■ **RECORDS SHOWN**
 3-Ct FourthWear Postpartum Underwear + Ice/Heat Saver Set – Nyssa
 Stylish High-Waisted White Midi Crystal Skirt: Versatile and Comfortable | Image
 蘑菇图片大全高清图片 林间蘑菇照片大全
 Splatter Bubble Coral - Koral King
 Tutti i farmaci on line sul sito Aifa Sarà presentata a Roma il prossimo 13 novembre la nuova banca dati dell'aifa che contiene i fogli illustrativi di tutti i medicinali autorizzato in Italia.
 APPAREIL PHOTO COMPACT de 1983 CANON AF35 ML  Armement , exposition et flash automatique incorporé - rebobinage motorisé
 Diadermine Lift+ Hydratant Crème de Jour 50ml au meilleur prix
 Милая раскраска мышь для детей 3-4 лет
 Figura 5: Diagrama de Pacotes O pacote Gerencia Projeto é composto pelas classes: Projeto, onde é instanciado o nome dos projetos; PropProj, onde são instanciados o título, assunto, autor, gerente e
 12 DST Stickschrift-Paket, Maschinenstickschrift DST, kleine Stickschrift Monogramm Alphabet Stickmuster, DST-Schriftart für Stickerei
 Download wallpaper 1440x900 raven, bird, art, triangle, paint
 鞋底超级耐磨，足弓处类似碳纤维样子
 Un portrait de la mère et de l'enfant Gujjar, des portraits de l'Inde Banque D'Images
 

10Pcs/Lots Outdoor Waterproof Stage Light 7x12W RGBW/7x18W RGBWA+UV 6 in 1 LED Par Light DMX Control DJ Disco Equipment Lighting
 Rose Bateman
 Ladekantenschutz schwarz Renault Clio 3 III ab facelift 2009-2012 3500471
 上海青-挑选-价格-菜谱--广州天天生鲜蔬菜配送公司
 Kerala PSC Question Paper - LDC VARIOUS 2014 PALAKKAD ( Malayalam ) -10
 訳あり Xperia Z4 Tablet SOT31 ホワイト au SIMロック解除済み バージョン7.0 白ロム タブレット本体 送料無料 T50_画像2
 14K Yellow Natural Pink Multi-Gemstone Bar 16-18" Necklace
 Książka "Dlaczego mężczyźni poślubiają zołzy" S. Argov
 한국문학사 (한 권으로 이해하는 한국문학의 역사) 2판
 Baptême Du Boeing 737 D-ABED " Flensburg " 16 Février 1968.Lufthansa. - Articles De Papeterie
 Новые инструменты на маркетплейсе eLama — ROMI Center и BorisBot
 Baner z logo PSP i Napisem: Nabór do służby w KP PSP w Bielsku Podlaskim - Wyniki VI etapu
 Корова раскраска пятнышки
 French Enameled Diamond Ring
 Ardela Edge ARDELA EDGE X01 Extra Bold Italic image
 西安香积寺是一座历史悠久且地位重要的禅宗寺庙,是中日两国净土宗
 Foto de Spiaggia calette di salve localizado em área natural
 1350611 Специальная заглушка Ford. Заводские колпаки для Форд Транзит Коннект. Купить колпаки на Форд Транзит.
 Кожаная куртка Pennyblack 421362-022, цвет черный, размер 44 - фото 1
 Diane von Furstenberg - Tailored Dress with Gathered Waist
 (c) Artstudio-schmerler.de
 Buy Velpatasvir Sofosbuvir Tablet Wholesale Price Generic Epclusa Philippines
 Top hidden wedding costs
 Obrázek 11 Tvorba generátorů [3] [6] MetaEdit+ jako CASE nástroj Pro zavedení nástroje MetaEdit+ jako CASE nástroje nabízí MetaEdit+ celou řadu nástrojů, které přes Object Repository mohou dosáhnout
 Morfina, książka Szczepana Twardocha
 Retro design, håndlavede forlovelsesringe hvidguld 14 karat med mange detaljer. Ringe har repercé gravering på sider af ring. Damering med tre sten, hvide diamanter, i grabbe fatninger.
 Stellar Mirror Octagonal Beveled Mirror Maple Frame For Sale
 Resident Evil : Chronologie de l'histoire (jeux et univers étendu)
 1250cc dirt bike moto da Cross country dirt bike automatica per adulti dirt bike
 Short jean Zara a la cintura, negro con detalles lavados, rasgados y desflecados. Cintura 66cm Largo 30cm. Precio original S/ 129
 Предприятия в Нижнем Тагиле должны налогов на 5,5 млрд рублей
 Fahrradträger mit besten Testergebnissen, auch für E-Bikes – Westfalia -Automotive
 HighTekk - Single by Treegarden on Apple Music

■ **WHAT YOU NEED TO DO**
The whole listing above must be copied exactly.

■ **REPLY**
 3-Ct FourthWear Postpartum Underwear + Ice/Heat Saver Set – Nyssa
 Stylish High-Waisted White Midi Crystal Skirt: Versatile and Comfortable | Image
 蘑菇图片大全高清图片 林间蘑菇照片大全
 Splatter Bubble Coral - Koral King
 Tutti i farmaci on line sul sito Aifa Sarà presentata a Roma il prossimo 13 novembre la nuova banca dati dell'aifa che contiene i fogli illustrativi di tutti i medicinali autorizzato in Italia.
 APPAREIL PHOTO COMPACT de 1983 CANON AF35 ML  Armement , exposition et flash automatique incorporé - rebobinage motorisé
 Diadermine Lift+ Hydratant Crème de Jour 50ml au meilleur prix
 Милая раскраска мышь для детей 3-4 лет
 Figura 5: Diagrama de Pacotes O pacote Gerencia Projeto é composto pelas classes: Projeto, onde é instanciado o nome dos projetos; PropProj, onde são instanciados o título, assunto, autor, gerente e
 12 DST Stickschrift-Paket, Maschinenstickschrift DST, kleine Stickschrift Monogramm Alphabet Stickmuster, DST-Schriftart für Stickerei
 Download wallpaper 1440x900 raven, bird, art, triangle, paint
 鞋底超级耐磨，足弓处类似碳纤维样子
 Un portrait de la mère et de l'enfant Gujjar, des portraits de l'Inde Banque D'Images
 

10Pcs/Lots Outdoor Waterproof Stage Light 7x12W RGBW/7x18W RGBWA+UV 6 in 1 LED Par Light DMX Control DJ Disco Equipment Lighting
 Rose Bateman
 Ladekantenschutz schwarz Renault Clio 3 III ab facelift 2009-2012 3500471
 上海青-挑选-价格-菜谱--广州天天生鲜蔬菜配送公司
 Kerala PSC Question Paper - LDC VARIOUS 2014 PALAKKAD ( Malayalam ) -10
 訳あり Xperia Z4 Tablet SOT31 ホワイト au SIMロック解除済み バージョン7.0 白ロム タブレット本体 送料無料 T50_画像2
 14K Yellow Natural Pink Multi-Gemstone Bar 16-18" Necklace
 Książka "Dlaczego mężczyźni poślubiają zołzy" S. Argov
 한국문학사 (한 권으로 이해하는 한국문학의 역사) 2판
 Baptême Du Boeing 737 D-ABED " Flensburg " 16 Février 1968.Lufthansa. - Articles De Papeterie
 Новые инструменты на маркетплейсе eLama — ROMI Center и BorisBot
 Baner z logo PSP i Napisem: Nabór do służby w KP PSP w Bielsku Podlaskim - Wyniki VI etapu
 Корова раскраска пятнышки
 French Enameled Diamond Ring
 Ardela Edge ARDELA EDGE X01 Extra Bold Italic image
 西安香积寺是一座历史悠久且地位重要的禅宗寺庙,是中日两国净土宗
 Foto de Spiaggia calette di salve localizado em área natural
 1350611 Специальная заглушка Ford. Заводские колпаки для Форд Транзит Коннект. Купить колпаки на Форд Транзит.
 Кожаная куртка Pennyblack 421362-022, цвет черный, размер 44 - фото 1
 Diane von Furstenberg - Tailored Dress with Gathered Waist
 (c) Artstudio-schmerler.de
 Buy Velpatasvir Sofosbuvir Tablet Wholesale Price Generic Epclusa Philippines
 Top hidden wedding costs
 Obrázek 11 Tvorba generátorů [3] [6] MetaEdit+ jako CASE nástroj Pro zavedení nástroje MetaEdit+ jako CASE nástroje nabízí MetaEdit+ celou řadu nástrojů, které přes Object Repository mohou dosáhnout
 Morfina, książka Szczepana Twardocha
 Retro design, håndlavede forlovelsesringe hvidguld 14 karat med mange detaljer. Ringe har repercé gravering på sider af ring. Damering med tre sten, hvide diamanter, i grabbe fatninger.
 Stellar Mirror Octagonal Beveled Mirror Maple Frame For Sale
 Resident Evil : Chronologie de l'histoire (jeux et univers étendu)
 1250cc dirt bike moto da Cross country dirt bike automatica per adulti dirt bike
 Short jean Zara a la cintura, negro con detalles lavados, rasgados y desflecados. Cintura 66cm Largo 30cm. Precio original S/ 129
 Предприятия в Нижнем Тагиле должны налогов на 5,5 млрд рублей
 Fahrradträger mit besten Testergebnissen, auch für E-Bikes – Westfalia -Automotive
 HighTekk - Single by Treegarden on Apple Music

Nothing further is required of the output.